St George’s scientists reveal a world influenced by parasites

Published: 29 November 2019

The latest talk in our Spotlight on Science series welcomed people from across London and beyond to an evening of parasitic discovery.

Three scientists from St George’s Institute for Infection & Immunity promised a night exploring how parasites have played a part in wars, industries, the rise and fall of empires, and still to this day divide us along poverty lines.

Dr Cathy Moore kicked off the evening introducing the audience to several of the “usual suspects” that are responsible for around one million deaths per year, worldwide:

• Hookworm – a parasite that enters the host’s skin and eventually finds its way to the intestines via the lungs. Here it will feed on the rich blood supply, causing anaemia, which in turn can lead to poorer performance in school and reduced earnings in later life.
• Schistosomiasis – a disease caused by flatworms called schistosomes. It can cause genital sores that increase the risk of HIV infection in adults by three to four times.
• Neurocysticercosis – caused by eating food contaminated with tapeworm eggs, this condition is one of the leading causes of seizures and epilepsy worldwide.
• Leishmaniasis – transmitted by the sand-fly, this disease can cause visible sores on the skin, often leading to women being treated as social pariahs and becoming trapped in poverty.
• Malaria – five different species transmitted by mosquitoes, which are responsible for around 500,000 global deaths per year. In Malawi, 32.1% of average annual income among poor households is spent on malaria treatment.

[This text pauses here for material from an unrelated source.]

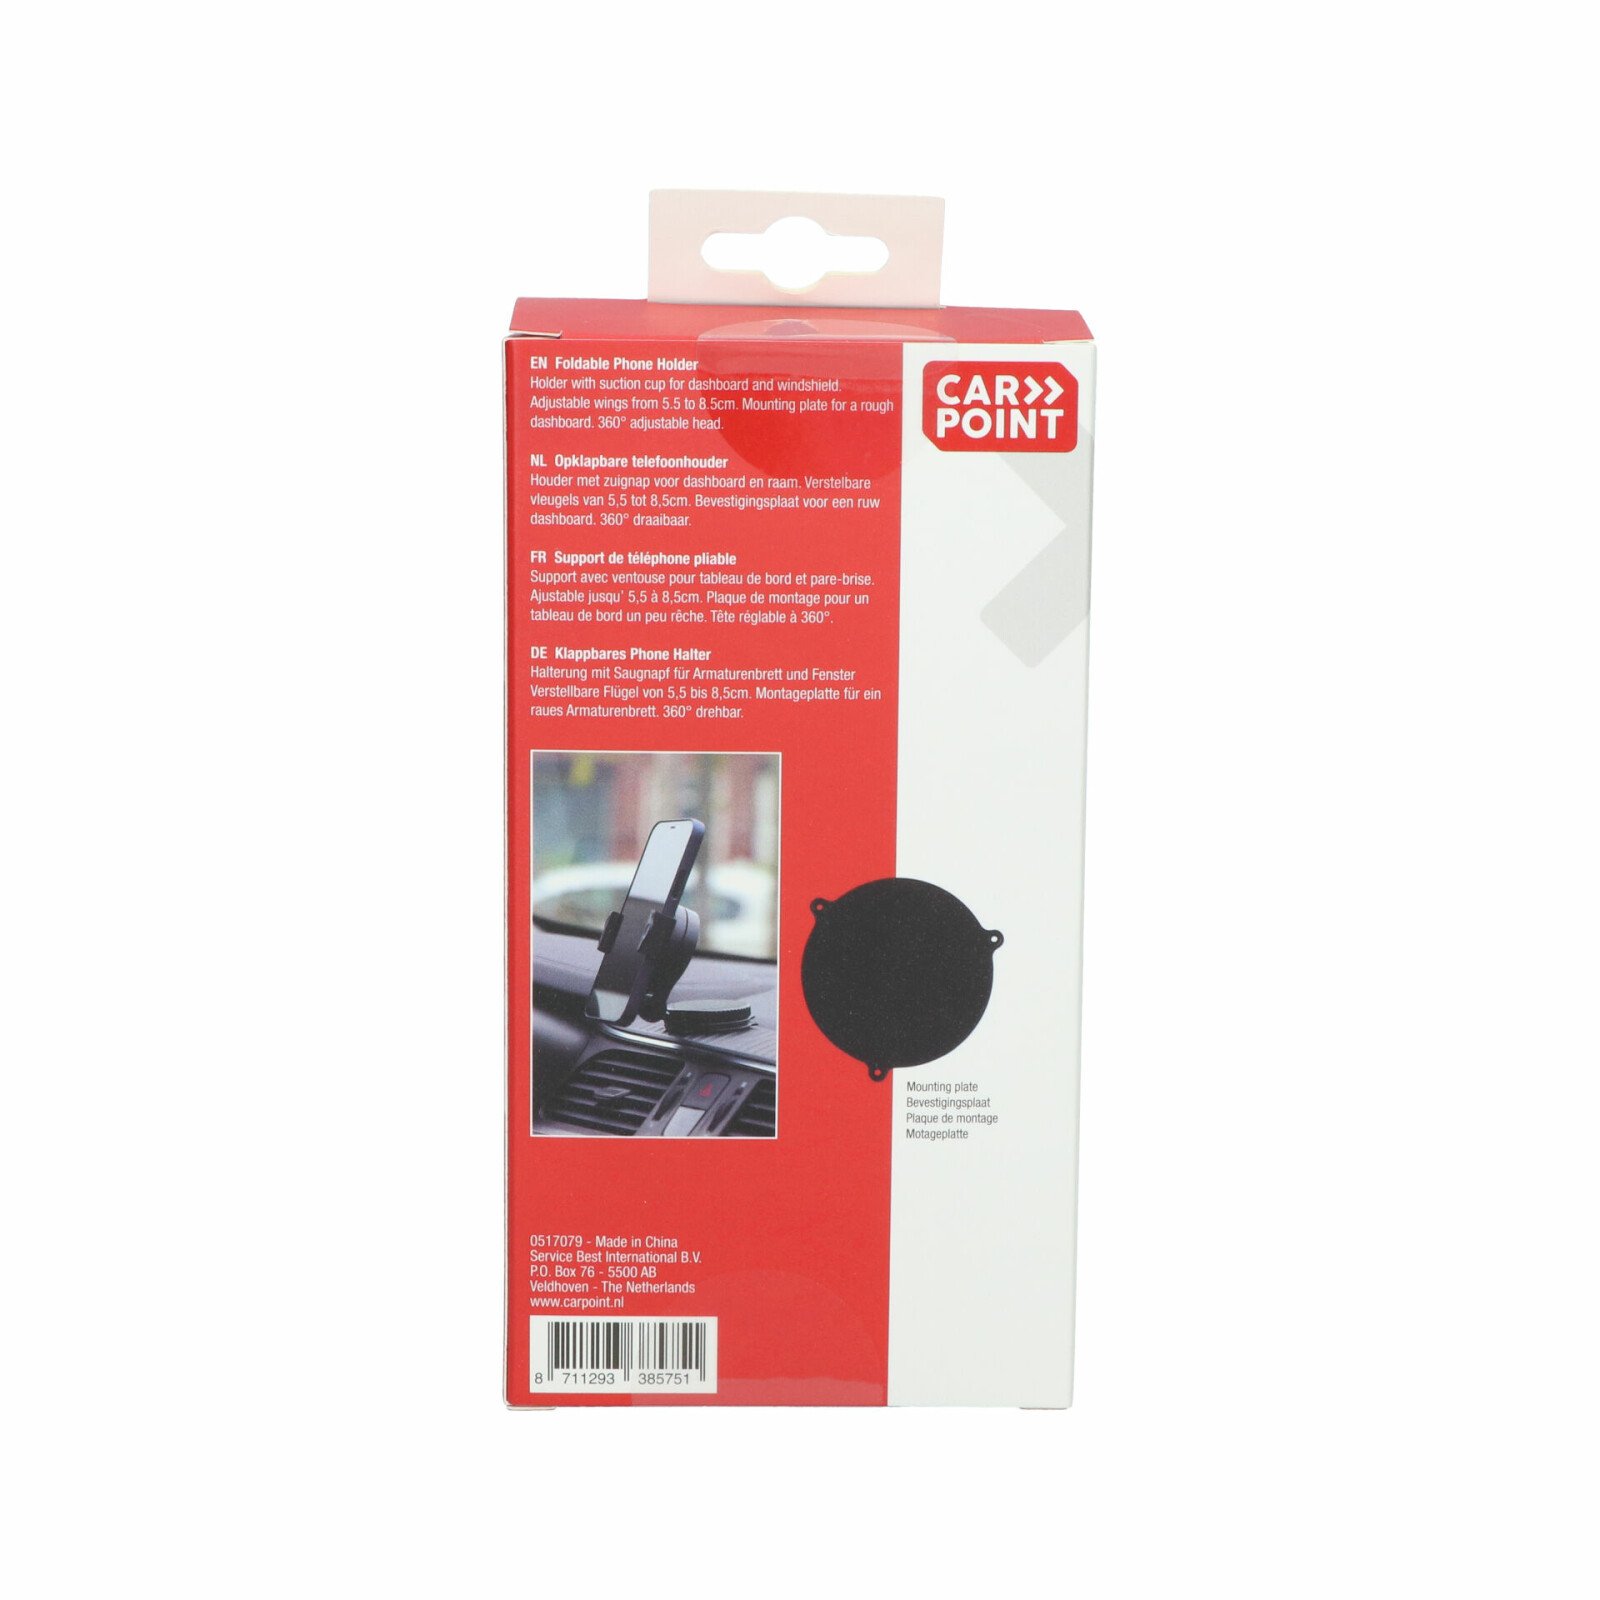 Mobile phone holder with suction cup, width 55-85mm, Carpoint - Black thumb

Each of these parasites not only pose massive health challenges for their human hosts, but create a vicious cycle of infection, disability, poverty and further disease.

However, these conditions haven’t been able to attract the same amount of research funding as other comparable diseases, as today they mostly affect the “bottom billion” of the poorest individuals on the planet.

Benedict Davies, a PhD student focused on a particular species of malaria, gave the rundown on some of the more surprising elements of how these diseases have affected certain populations and their impacts beyond human health.

Nazi plots, slavery and civil war

Typically, malaria is most prevalent between the tropics, where mosquitoes carrying the parasite thrive and infect populations. But in the Second World War, it has been suggested that Nazi scientists attempted to bring the disease a little closer to home, attempting to use malaria as a biological weapon by flooding the marshes en route to Rome. Although this mostly resulted in increases in civilian cases of malaria as opposed to harming Allied forces.

In another surprising effect on the warfront, hookworm, which was brought to the US on slave ships, may have affected the outcome of the American Civil War.

“While the North had sturdy boots made of cow leather, the deer skin shoes of the South were far more likely to fall apart,” explained Davies. This made it more likely that the Southern troops would be infected with hookworm through their feet, potentially causing lethargy and leading to losses in battle.

Unfortunately the infection has returned to plague the lives of poorer communities in the Southern states of the US today, where lack of suitable footwear and pools of raw sewage appear to be contributing to this inequality.

Parasites continue to play their part in preventing the growth of communities around the world, but St George’s scientists are trying to find ways to reduce this burden on society.

Diagnosing and treating the culprits

Dr David Clark, the final speaker, chose to focus on how scientists are developing new techniques to better diagnose which specific parasites are causing people’s illnesses. Once the culprit is found, it’s then much easier to treat patients with the appropriate therapies.

One of the most effective methods to uncover the underlying cause of disease is to amplify DNA samples to try and find the specific patterns associated with different parasites. But more work needs to be done to create a point of care device – something that St George’s scientists are working on.

“We need devices that are more accurate, fast, portable, and inexpensive,” explained Dr Clark. With devices often having to reach remote regions, the new devices will also need to be durable enough to withstand the journeys to where they are needed.

The technology is developing at a great rate, and the latest equipment will build on existing designs so that multiple diseases can be identified in one go.

If we can diagnose and treat these conditions better than before, the most deprived communities on this planet could be freed to live their lives without the burden of playing host to these invading species.